Simon to Maritain, February 2, 1945

I have read the article by Baisnée and found it superficial and of small importance, but greater fairness than De Koninck’s anonymous criticism. . . . I have reread your writings on the person. I believe that some day one should take up all of that under the form of a synthesis. There is a very deep agreement between De Koninck’s best theses and yours.

 

Simon to Raissa Maritain, July 4, 1945

Have you received the last number of The Modern Schoolman, which contains the article by Fr. Eschmann, “In Defense of Maritain”? I had asked the director of The Modern Schoolman to change the title, because of the danger I saw of making the reader identify the positions of Fr. Eschmann with those of Jacques. My fears were not entirely vain. I believe that Jacques would not approve all the formulations of the Reverend Father. On the whole, it is a good article that puts De Koninck in his place. It contains some very touching lines. The same Eschmann has published two very important articles on the common good in Medieval Studies (Toronto).
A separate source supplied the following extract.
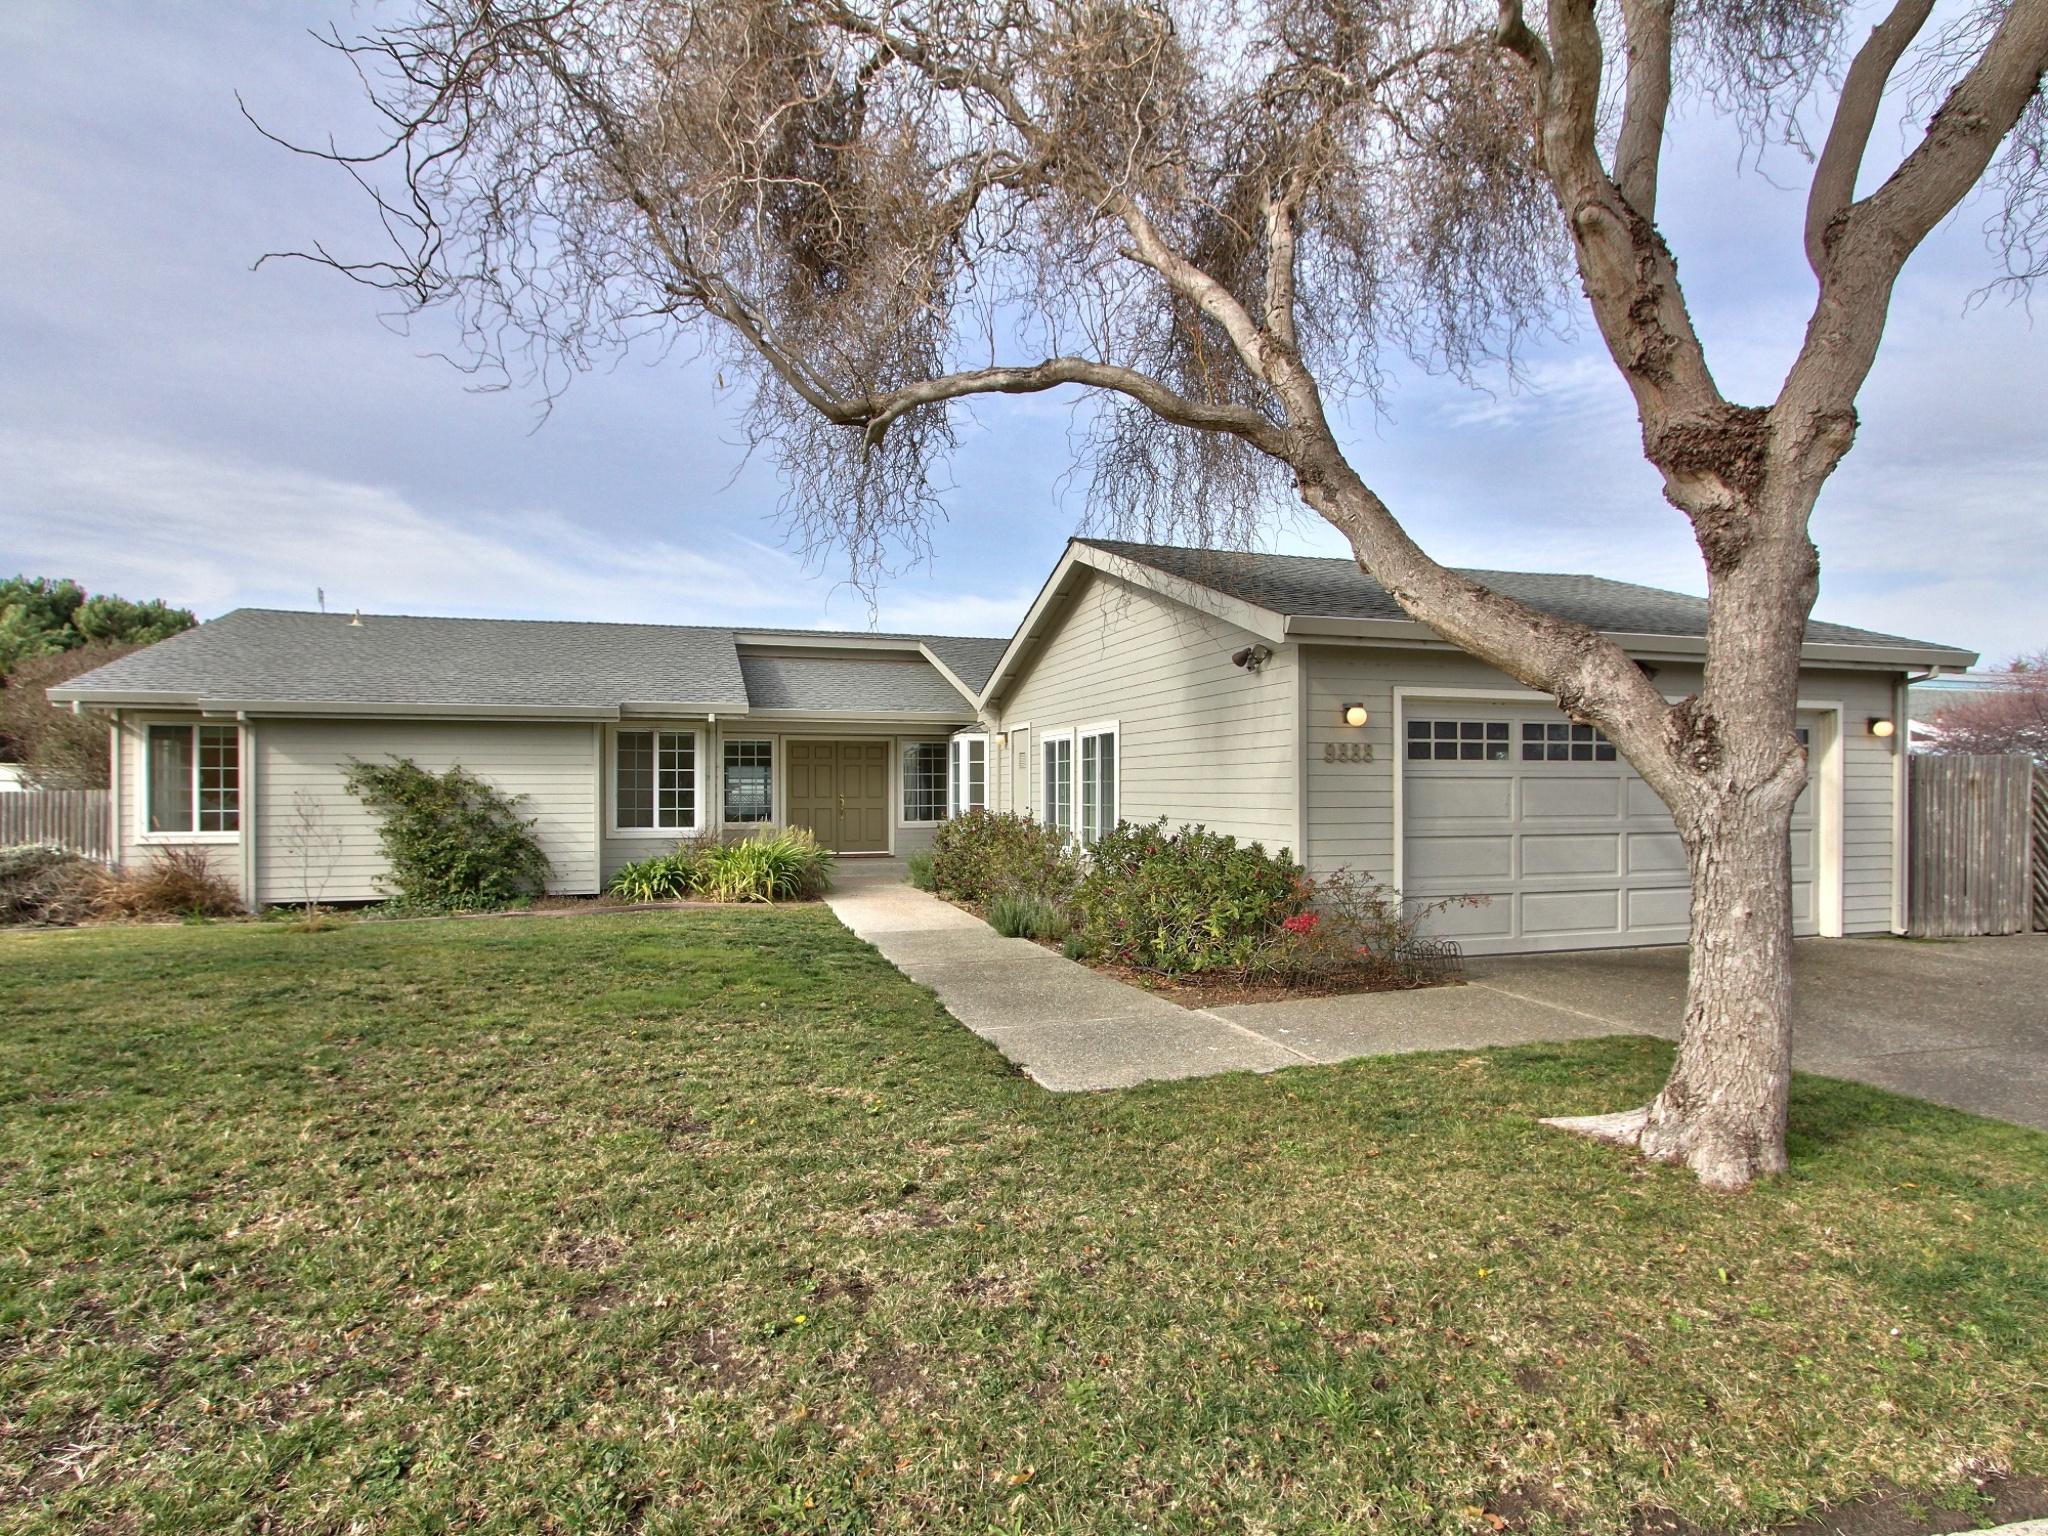 9888 Brome Trail, Salinas, California 93907

I have read them with great care and I hope to publish something one day on this subject to have done with De K[oninck] and company.

 

Simon to Maritain, September 16, 1945

Speaking of the common good, I suppose you had a chance to see the article by Fr. Eschmann in The Modern Schoolman, “In Defense of Jacques Maritain.” I have also read his two long articles on the axiom of the primacy of the common good in Medieval Studies (Toronto), though I have not been able to complete studying them. It is learned, competent, but I believe that all things considered he is mistaken and furnishes De Koninck with weapons. To put it briefly: Eschmann has not understood that the deepest form of social life, the most social level of the common good, consists of communion in knowledge and love, communion in immanent activity. He thinks of contemplative life as an individual affair and wants to limit the primacy of the common good to safeguard the primacy of contemplation. At least this is what I think I understood, and this is a rather profound stupidity (une ânerie assez profonde) that distorts everything. I believe I told you that I had opposed entitling his article “In Defense of Maritain” so that your name would not be connected with his elucubrations. I am sorry they did not follow my advice. If I have the time, I might write an article myself in The Modern Schoolman, but not before some months have passed. I want to submit the following fundamental propositions to you and I would like to know if they represent your own teaching.[3]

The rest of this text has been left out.